Let's revise the ticket counter scenario described above, replacing a thread based implementation with actors. An actor must of course run on a thread. However, actors only use threads when they have something to do. In our counter scenario, the requestors are represented as customer actors. The ticket count is now maintained with an actor, and it holds the current state of the counter. Both the customer and tickets actors do not hold threads when they are idle or have nothing to do, that is, have no messages to process.

To initiate a buy operation, a customer actor sends a buy message to the single tickets actor. Such buy messages contains the quantity to be purchased. When a tickets actor receives a buy message, it verifies that the purchase amount does not exceed the current remaining count. If the buy request is valid, the count is decremented, and the tickets actor sends a message to the customer actor indicating that the order has been accepted. If the buy amount exceeds the count, the counter actor sends the customer actor a message indicating that the order was rejected. The actor model itself ensures that the processing is handled synchronously.

In the following diagram, we show a few customer actors each sending a buy message to the tickets actor. These buy messages are initially queued in the tickets actor's mailbox.

Figure 3 - Customer Actors Sending Buy Messages

The ticket actor processes each message. Here the first message is a request to buy five tickets.

Figure 4 - Tickets Actor Processing Messages

The ticket actor checks that the buy amount does not exceed the remaining ticket count. In this case, the ticket count is currently 15 so the buy request is approved, the count is decremented, and a message is sent from the tickets actor to the requesting customer actor indicating that the tickets have been purchased.

Figure 5 - Ticket Actor Processing Message Queue

The tickets actor processes each of the messages in its mailbox. Note that there is no need for complicated threading or locking here. This is a multi threaded process, but the actor system manages the use and allocation of threads.
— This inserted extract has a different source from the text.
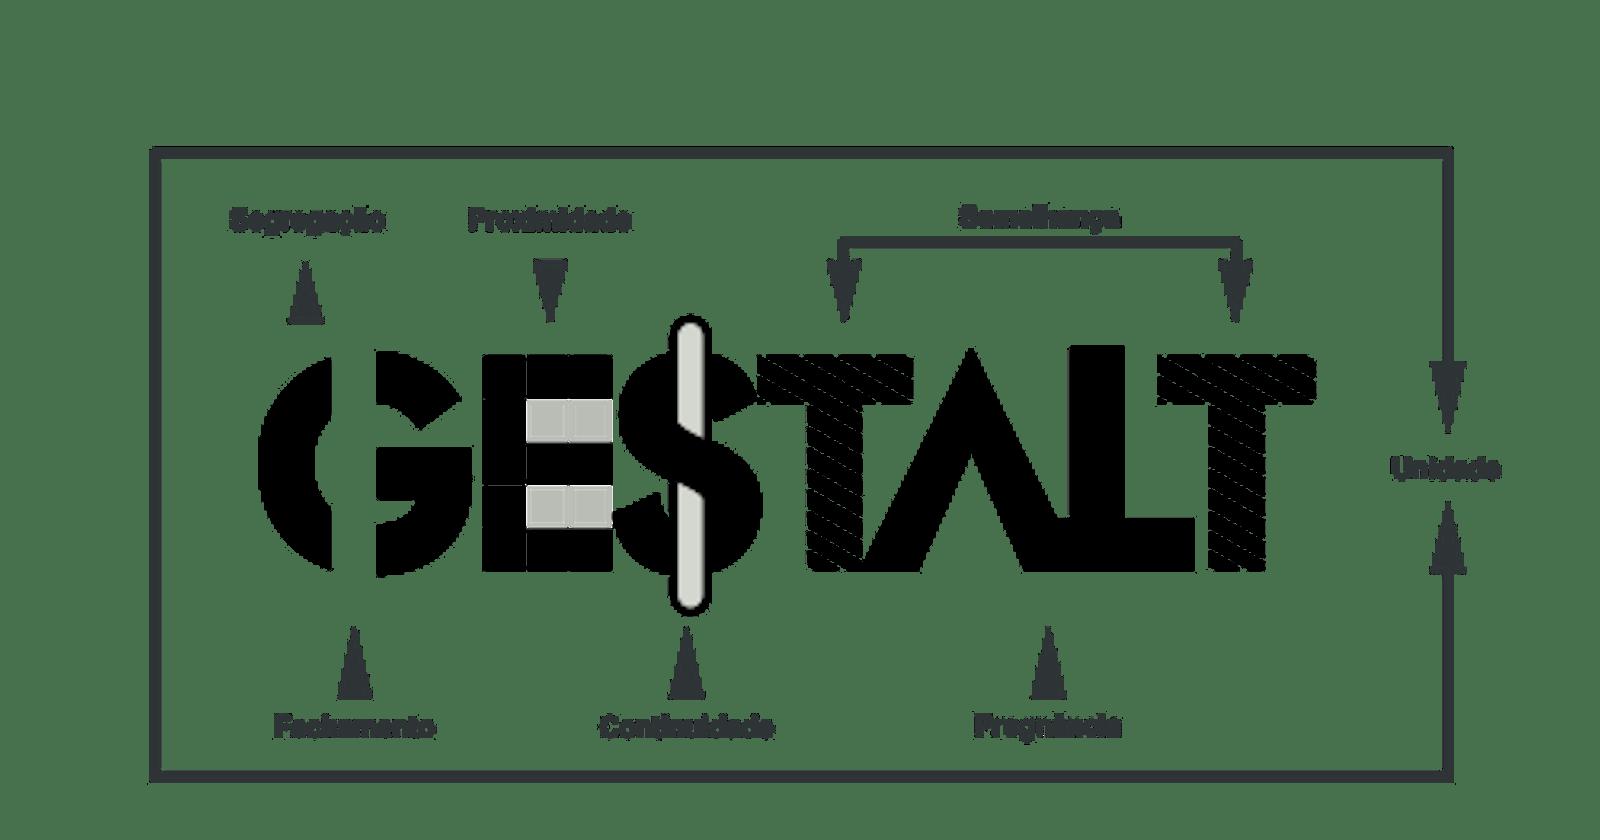 Gestalt Design in Data Analysis

In the following diagram, we see how the tickets actor handles requests that exceed the remaining ticket count. Shown here is a request to buy two tickets when only one ticket is available. The ticket actor rejects this purchase request and sends the requesting customer actor a sold out message.

Figure 6 - Ticket Actor Rejecting Buy Request

Of course, experienced thread level developers know the two-step action of checking, and decrementing the ticket counter is easily implemented as a synchronized sequence of operations; in Java for example, using synchronized methods or synchronized statements. However, the actor based implementation not only provides natural synchronization of operations within each actor, but it also eliminates the potentially large backlog of threads waiting for their turn at the synchronized section. In the ticket example, each customer actor waits for a response without holding a thread. The result is that the actor based solution is easier to implement, and it results in potentially significant reductions in system resources utilization.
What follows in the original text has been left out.